WWD: How was the retail response?
M.C.: I think there’s still fear of picking up new collections. Also, they want to see at least two seasons to see the continuity and what the story is before they commit, which I understand. So we’ve got a few clients — one in Russia, Harvey Nichols in Hong Kong, Bird in Brooklyn, Project No. 8 and maybe Barneys. But it’s not going to be built overnight. The women’s took a long time to build. It was very word of mouth, and I think men’s is going to be like that. I’m a great believer that Rome wasn’t built in a day. Women’s got to a point when it couldn’t be ignored because people were wearing it. And I think that’s much more valid.

WWD: Who is the customer?
M.C.: My gut instinct tells me he’s pretty similar to the woman. He’s independent thinking. He doesn’t really have to wear a suit to work. They’re architects, artists, actors, writers, editors. Around 35, 40. Probably a bit older than the women. But it’s more attitude than age. We can’t compete with someone who does a fantastic suit like Paul Smith. We have to have our own situation and our own point of view. Maybe you don’t need to wear a suit, but you still want to feel good and wear nice things.

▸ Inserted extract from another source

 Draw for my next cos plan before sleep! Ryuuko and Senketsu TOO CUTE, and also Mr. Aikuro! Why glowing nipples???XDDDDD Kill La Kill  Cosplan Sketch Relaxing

WWD: What do you offer men that’s specific to you?
M.C.: I think cutting and fabrics are my strengths. I’ve worked 26 years, so I’ve done about 65 collections. When I pick fabrics, I’m really fussy, and I can usually go from the first instinct to something final, and that’s the strength of experience. And the fact that I grew up in Europe doesn’t hurt. It’s a different sensibility. The way I feel we can interpret men’s is by using fabrics other people don’t use, or different cuts, different seams. The tailor said, “This only has three pieces. We’re used to seven or eight pieces. This is too few.” I said, “So? Isn’t that good?” When you have clothes that are very minimal, there’s nowhere to hide anything. It has to be done properly.

WWD: What is inspiring you for spring 2011?
M.C.: It’s going to be fine-tuning. I’m really into things that are almost classic but aren’t. They’re going to be our classics. I’m trying to edit and pare down. Luxury for me is time, silence, editing, genuine, handmade. That’s going to inspire me. That’s my idea of what luxury is.

WWD: What are you reading and watching?
M.C.: I’m reading the Patti Smith book about her and Robert Mapplethorpe. I’ve had a really hard time reading recently, except when I’m on holiday, but she’s an amazing writer. It’s really interesting, the relationship of two people I admire. We’re catching up on the Oscar films. But more than anything, I’ve been into emptying my head. I was just in Paris and it was the first time I didn’t run around to every exhibition. I wasn’t in the mood. In a way, I’d rather not look at anything.

WWD: How is your family in Chile after the earthquake?
M.C.: Thankfully, everybody’s physically OK. There’s been some destruction to living quarters and stuff, but they’re fine. My daughter organized a fund-raiser and asked me and Narciso [Rodriguez] and Mickey Boardman to cohost. She wants to work in a not-for-profit and she pulled this together in two seconds.